A closer scrutiny of the purge reveals “widespread abusive and discriminatory motives” that condition the lists of bureaucrats to be dismissed.
“The blanket nature of the dismissals, the fact that the dismissed include trade union, political or human rights activists and known critics of the government from conservative sections of society, and the broader crackdown on dissent that has included the jailing of more than 120 journalists awaiting trial since he 2016 coup attempt, increase concerns that a great many dismissals were arbitrary, unfair and/or politically motivated,” the report said.
The problems do not end with dismissal. The government publishes lists of the dismissed on Official Gazette and national media with public fanfare, further making things difficult for the dismissed.
The ramifications are two-fold; one is economic and the other is social. Whenever someone’s name appear on the list of dismissals, life for him\her and their families turn to a nightmare.
An academic told Amnesty International about this horror. “My son didn’t want to go to school, the other children were picking on him, saying that his mother was a terrorist and traitor.”

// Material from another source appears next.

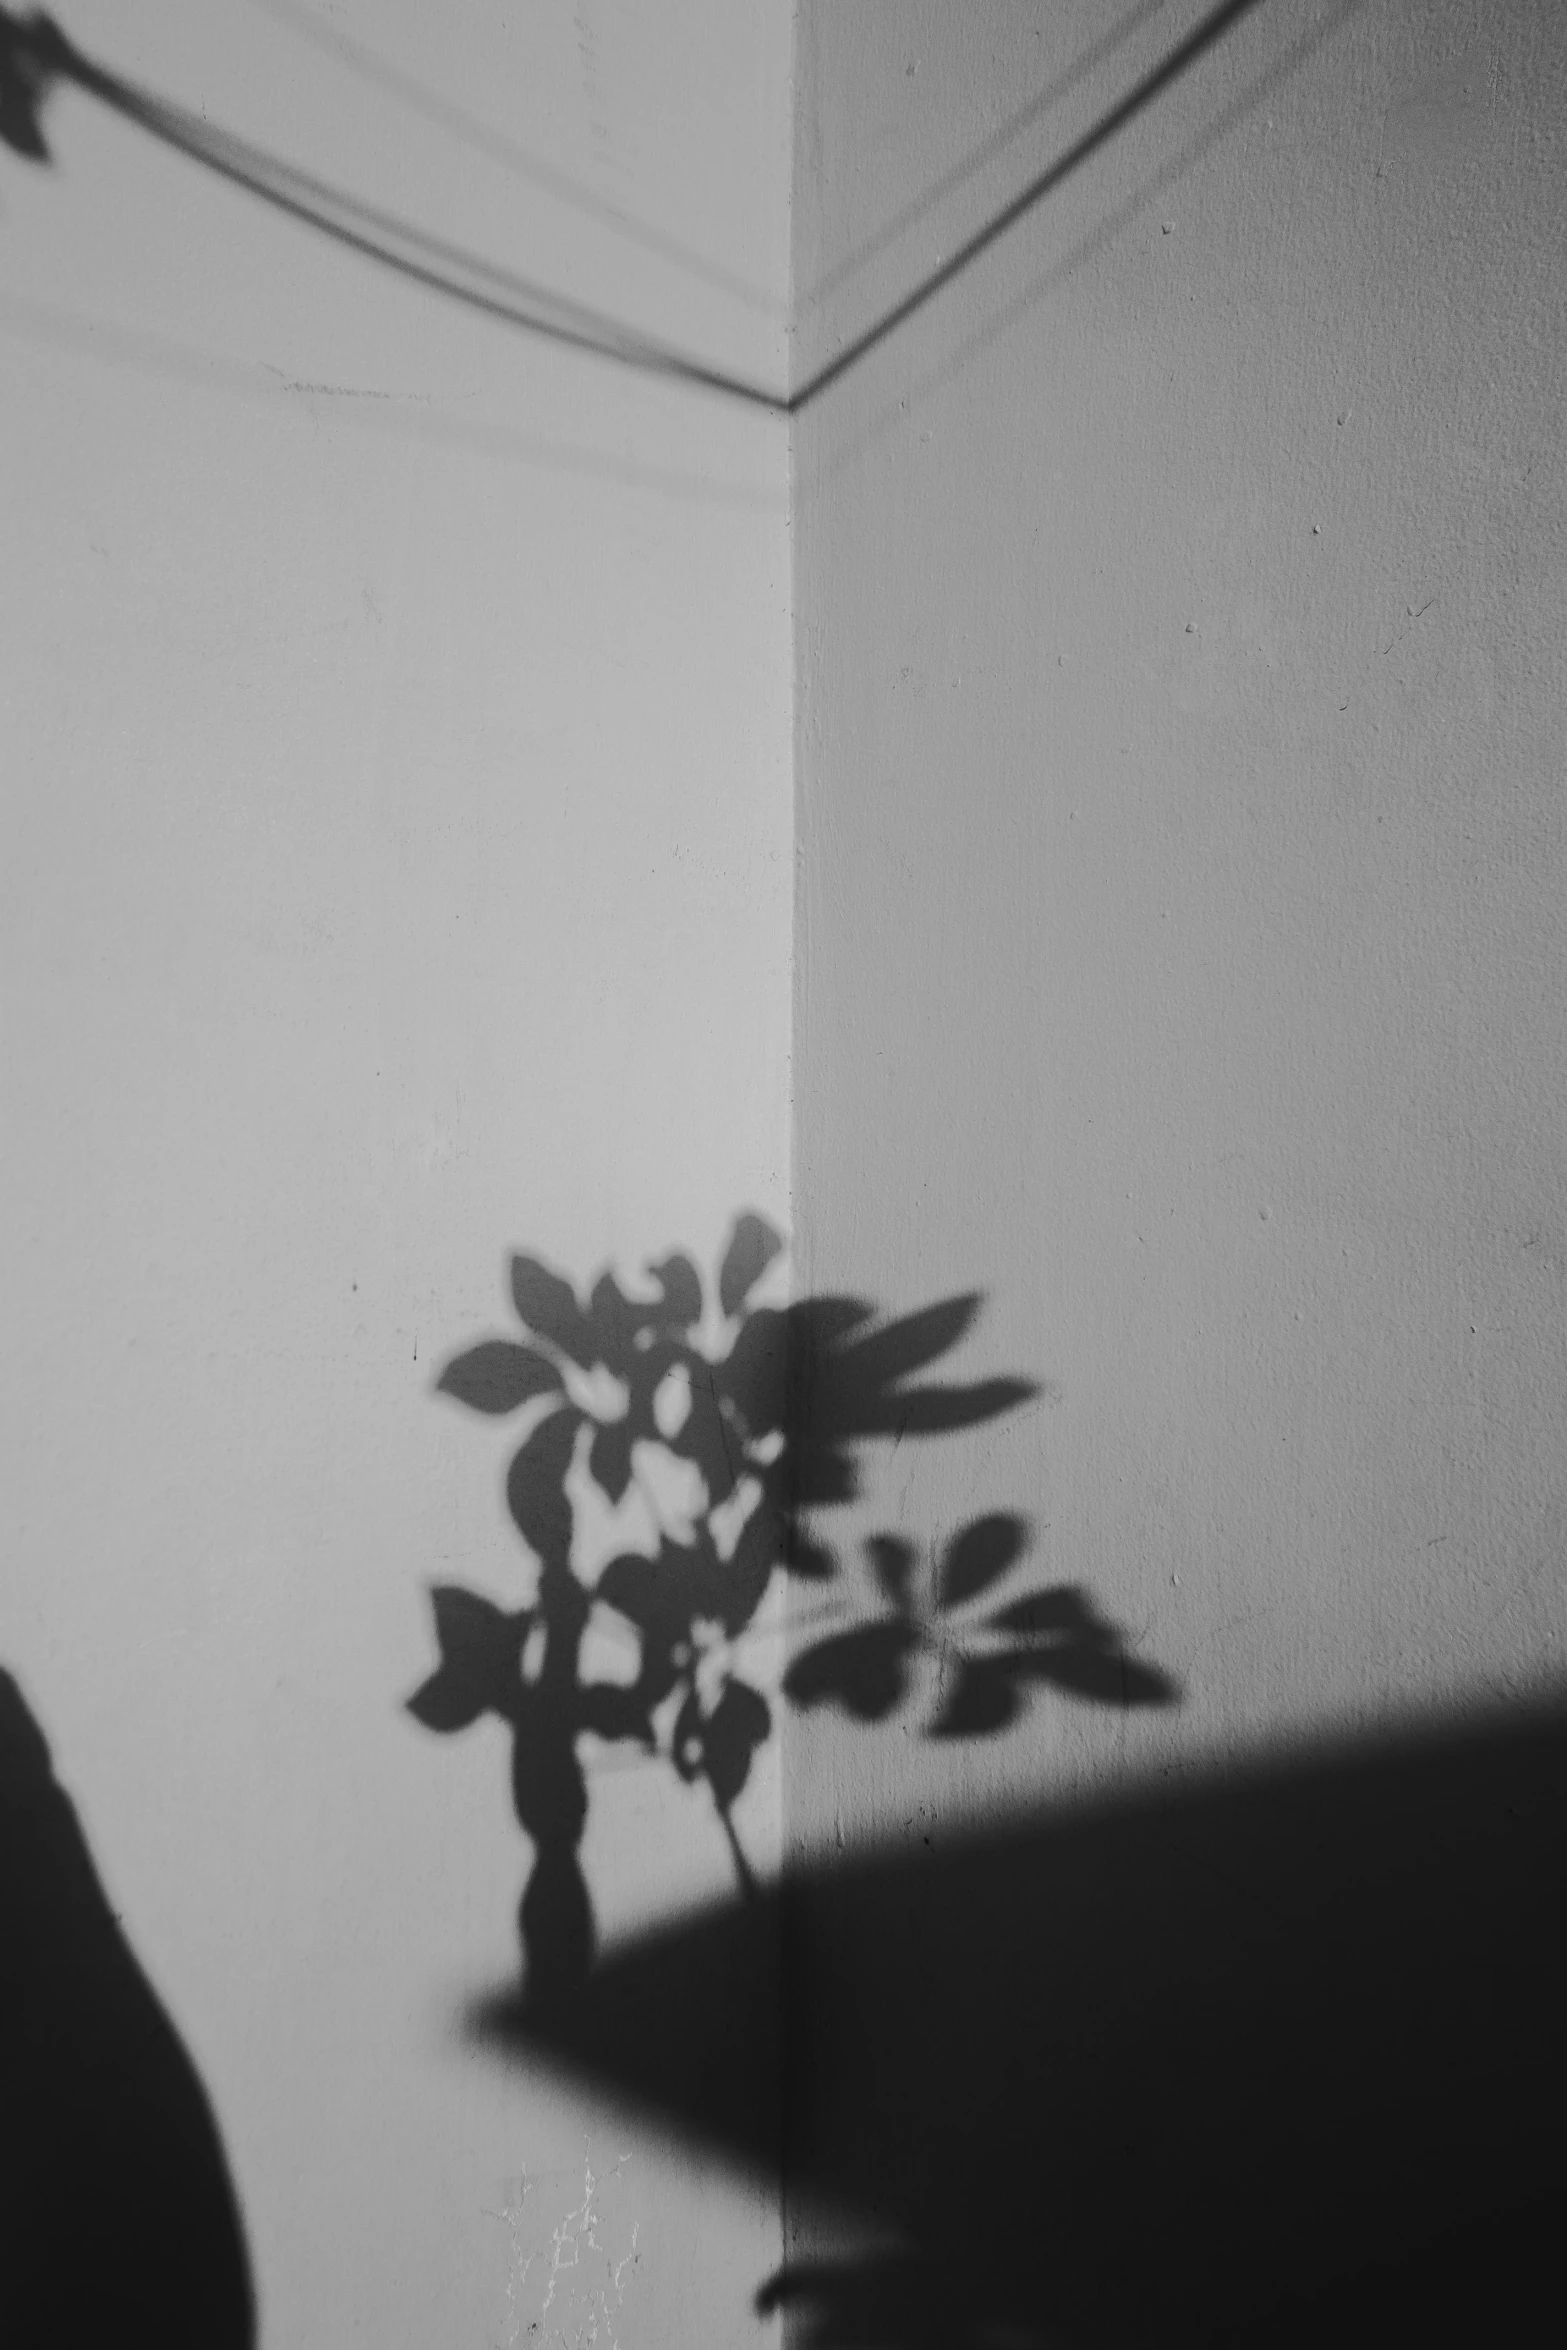 a black and white photo of a potted plant, unsplash, postminimalism, shadow polaroid photo, faces covered in shadows, looks like a tree silhouette, ✨🕌🌙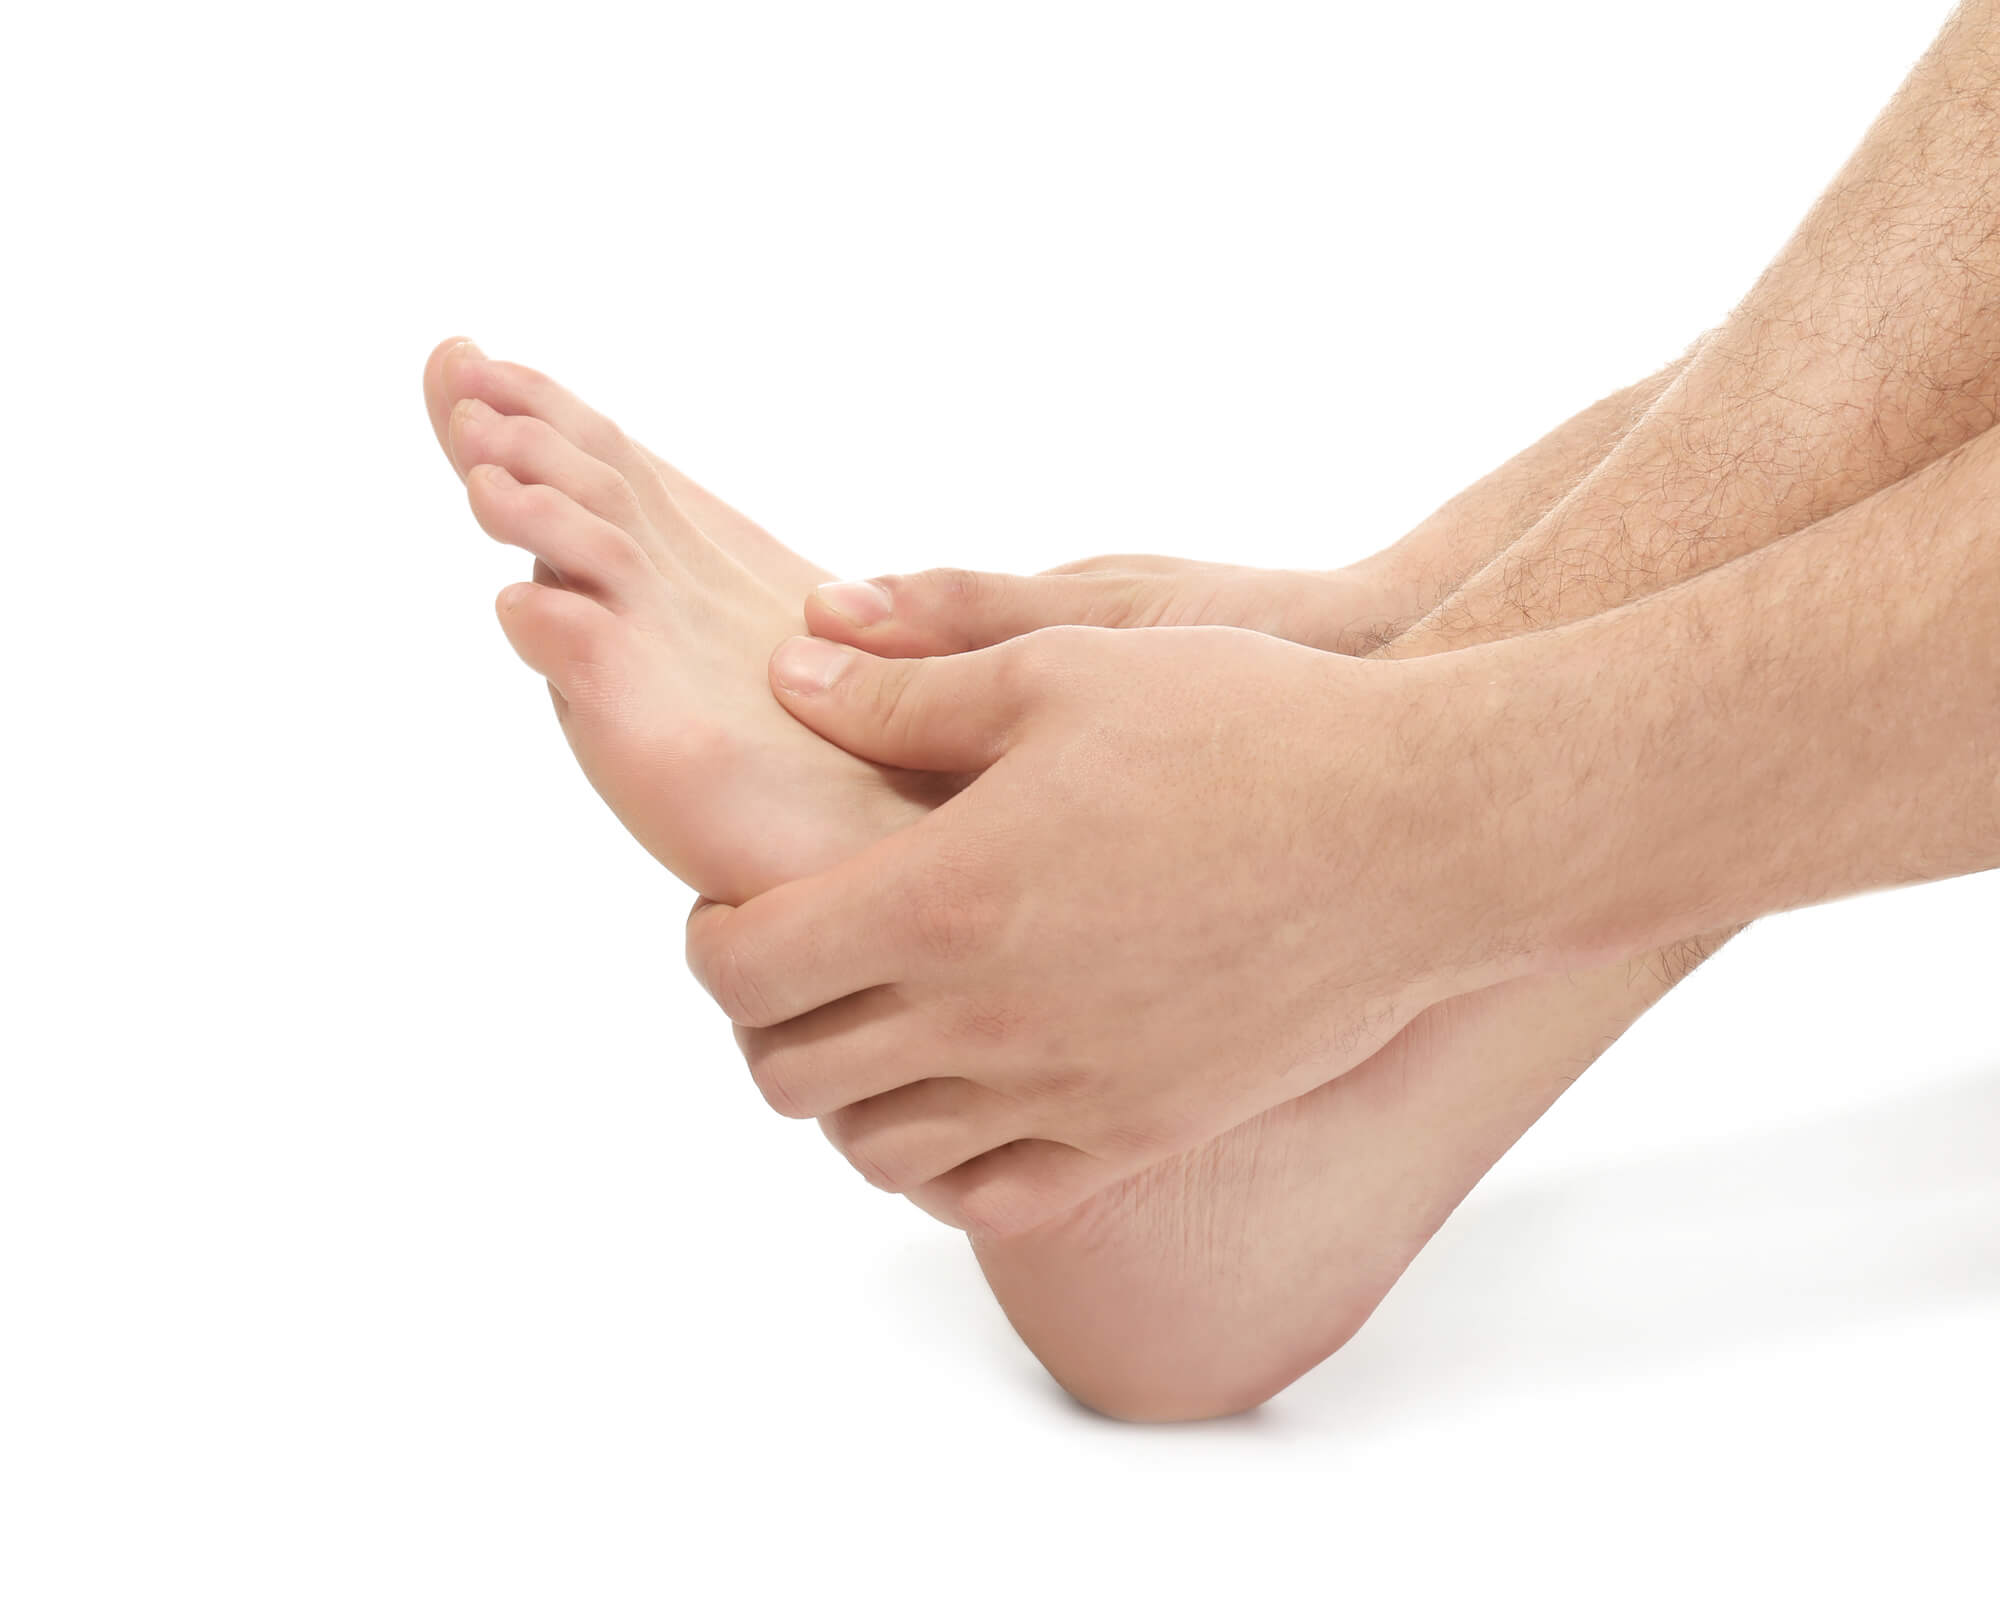 Man suffering from foot pain

None of those who were interviewed by Amnesty International were able to obtain an explanation from the authorities for their dismissal.
“The authorities must end these arbitrary dismissals immediately, and reinstate all those who are found not to be guilty of wrongdoing. Those who have been dismissed should be given to a swift and effective appeal procedure in order that they can clear their names, be compensated and return to their careers,” Mr. Gardner added.
No Evidence Presented
One of the key elements of the Amnesty International report was that authorities did not bother to provide an evidence showing dismissed officials have any link to terrorism.
In a striking example, the report noted, “the Constitutional Court, in its decision to dismiss two Constitutional Court judges, did not refer to any evidence against the two and ruled that it was sufficient simply for the Court to be subjectively persuaded of the link between the judges and Gulen movement structures.”
Similarly, “the High Council of Judges and Prosecutors (HSYK), in its decision to dismiss 543 judges and prosecutors, presented a detailed report of Gulen network within the judiciary but no specific evidence against any of the judges and prosecutors dismissed and excluded from public office.”
Instead of a due process or an investigation, the members of judiciary learned about their firing through “the lists appeared on administrative decisions of judicial bodies.”
Apart from failing to provide satisfactory evidence to justify dismissals, the lack of clear criteria for sackings stimulated the emergence of a toxic culture of arbitrary decisions based on personal feud at workplace, political or ideological affiliations or score-settling over any reason.
The report suggested that this point was even admitted by the government. But it did not create an effective appeal mechanism to deal with abuses and wrongful dismissals.